Data provided -
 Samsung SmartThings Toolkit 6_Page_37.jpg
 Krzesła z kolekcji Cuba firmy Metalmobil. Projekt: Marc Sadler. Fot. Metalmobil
---
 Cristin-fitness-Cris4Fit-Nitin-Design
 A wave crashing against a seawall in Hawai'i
...
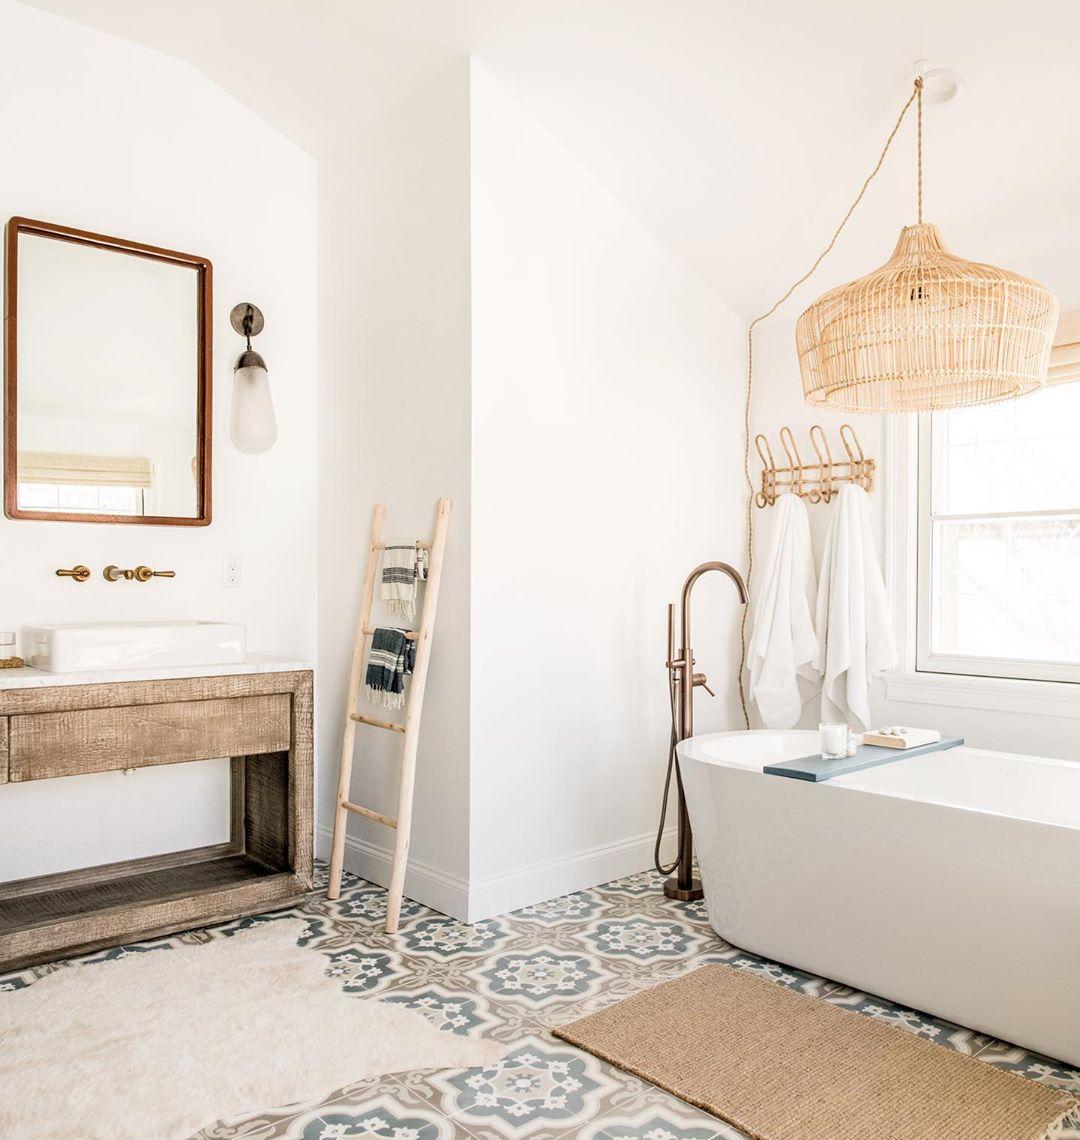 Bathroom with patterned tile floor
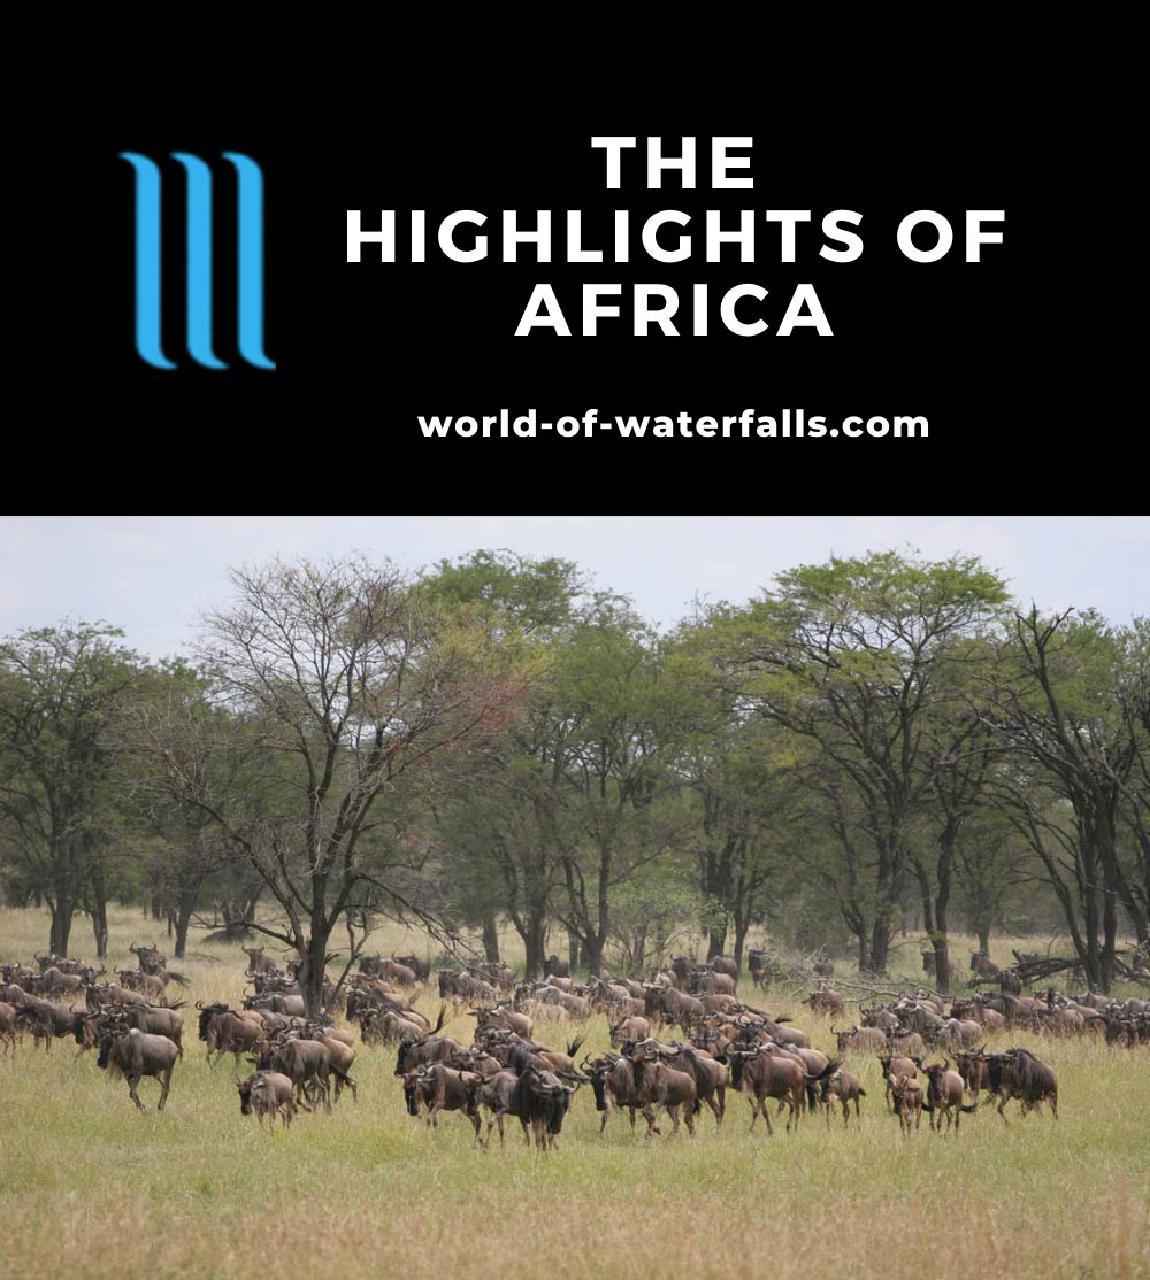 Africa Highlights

Exercise -
Looking at the data above, return every line from the one with "Samsung SmartThings Toolkit 6_Page_37.jpg" down to the one with "Krzesła z kolekcji", exactly and inclusively.

Your solution -
 Samsung SmartThings Toolkit 6_Page_37.jpg
 Krzesła z kolekcji Cuba firmy Metalmobil. Projekt: Marc Sadler. Fot. Metalmobil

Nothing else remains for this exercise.